Bank Call Report Clues: Insider Credit, CRE, and Deposit Concentration

Insider and related-party credit, commercial real estate concentration, and deposit concentration are three bank Call Report clues that can change a diligence decision. The point is not to prove misconduct from one disclosure; it is to decide whether the bank should be cleared, watched, priced differently, or escalated before a sponsor-bank selection, credit memo, board approval, or public comparison.

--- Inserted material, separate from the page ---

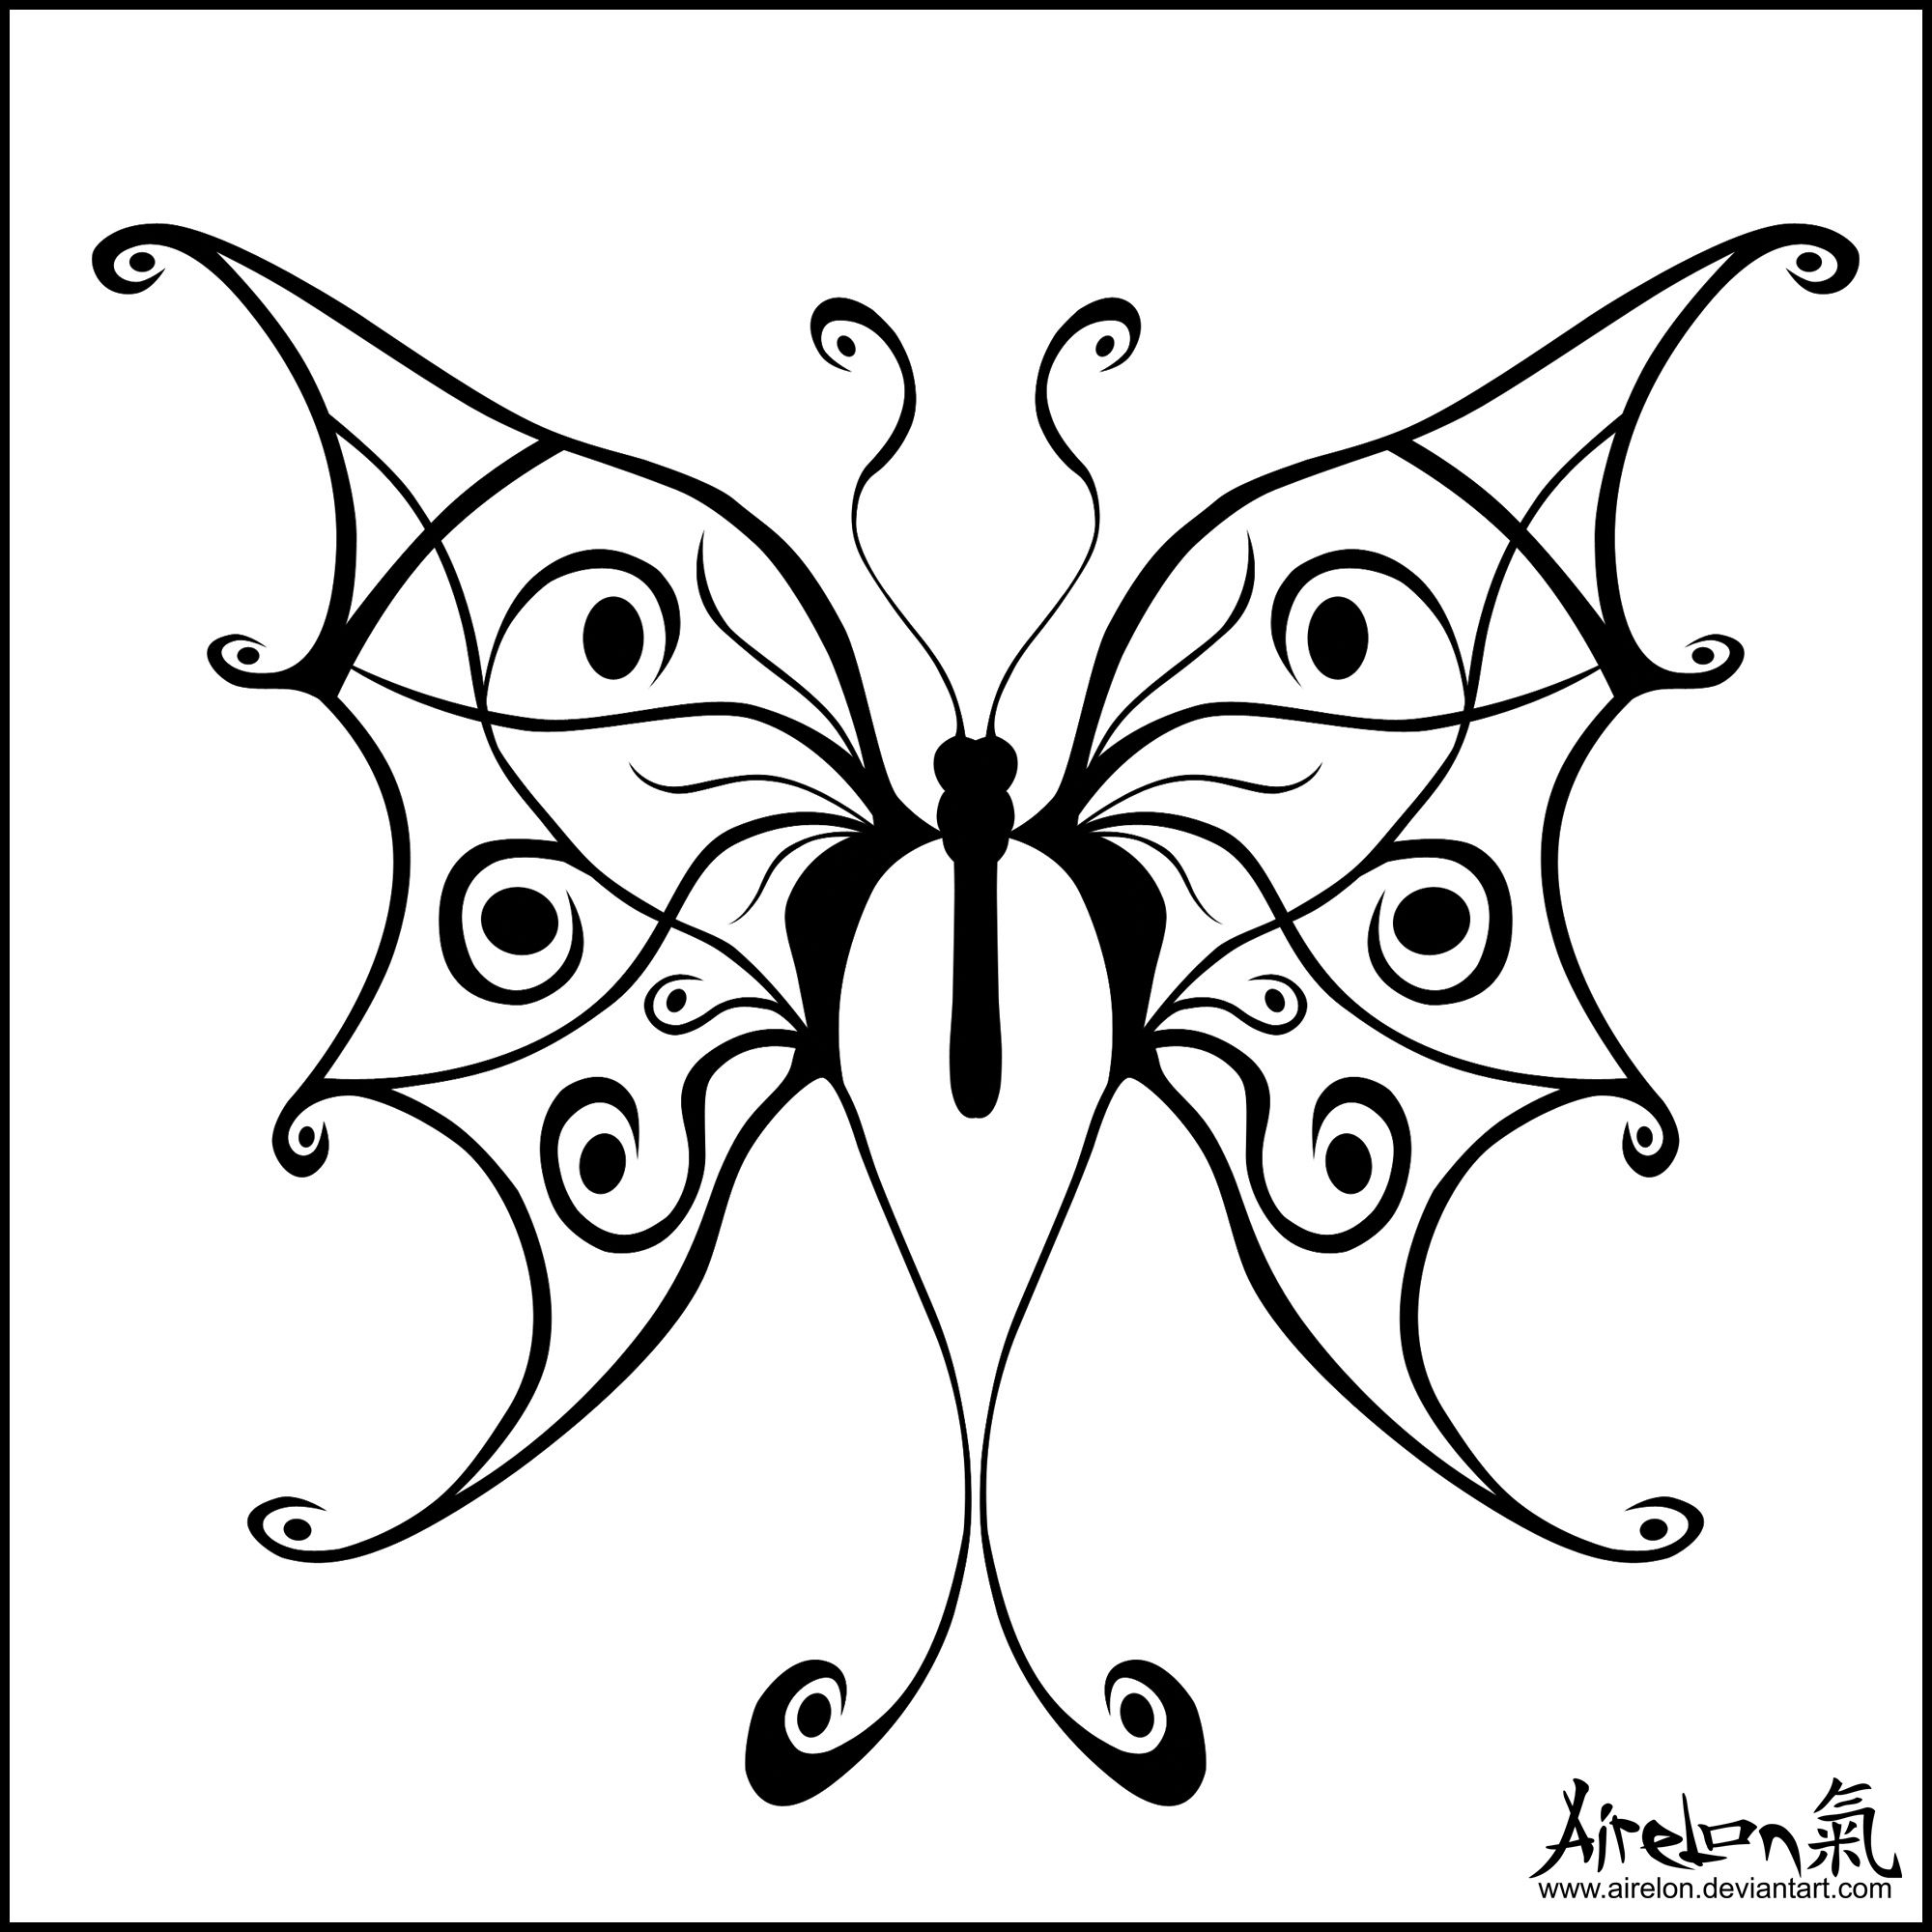 Tribal Butterfly Tattoo Black Airelon On Deviantart Tattoos throughout proportions 2000 X 2000

Quick summary: insider credit means loans or credit extensions to directors, executive officers, principal shareholders, or their related interests. CRE concentration means commercial real estate exposure that is large relative to capital and growth. Deposit concentration means funding that depends heavily on brokered, uninsured, third-party, program, or other less-stable channels.

The most useful schedules are RC-M for insider and related-party credit, RC-C and RC-R for CRE exposure versus capital, RC-E and RC-O for deposit mix, and RC-N, RI-B, and RI-C for credit quality and allowances. The practical takeaway is simple: a clue becomes a decision only when it is tied to a schedule, a trend, a control record, and the next document needed.

Bank Call Report Cheat Sheet

A useful filing review starts with the legal bank, the regulator, and the reporting form. Check the institution in FDIC BankFind[1] or the Federal Reserve National Information Center[2], then pull the bank’s Call Report from the FFIEC Central Data Repository[3]. Once the report is open, translate the schedule codes into plain English before writing the memo.

  • RC-M: insider and related-party credit, plus other memoranda.
  • RC-C and RC-R: loan categories and the capital denominator used for CRE concentration screens.
  • RC-E and RC-O: deposit detail, brokered deposits, assessment data, and uninsured-deposit reporting.
  • RC-N, RI-B, and RI-C: past due and nonaccrual loans, charge-offs and recoveries, and allowances.
  • NIC, CECL, BaaS, and FBO: the Fed’s institution directory, current expected credit loss accounting, banking-as-a-service, and for-benefit-of account structures.
CluePublic source to checkDecision rule
Insider or related-party creditSchedule RC-M and Federal Reserve Regulation O[4]If item 1.b is above zero, or aggregate insider credit is rising, request the board approval record, abstention record, and ordinary-market credit support.
CRE concentrationLoan categories, total risk-based capital, and OCC Bulletin 2006-46[5]If construction and land loans reach 100 percent of total risk-based capital, or total CRE reaches 300 percent with 50 percent growth in 36 months, escalate the file for capital, allowance, and stress-test review.
Funding or deposit concentrationDeposit detail, assessment data, and uninsured-deposit reporting expectations[6]If the bank relies on brokered, high-rate, third-party, or uninsured deposits, tie the funding source to runoff assumptions and contingency liquidity instead of treating deposits as one stable line item.
Allowance pressurePast due loans, nonaccrual loans, net charge-offs, and CECL allowances[8]If problem loans and net charge-offs are moving faster than the allowance, write down the bridge between management’s reserve story and the reported credit data.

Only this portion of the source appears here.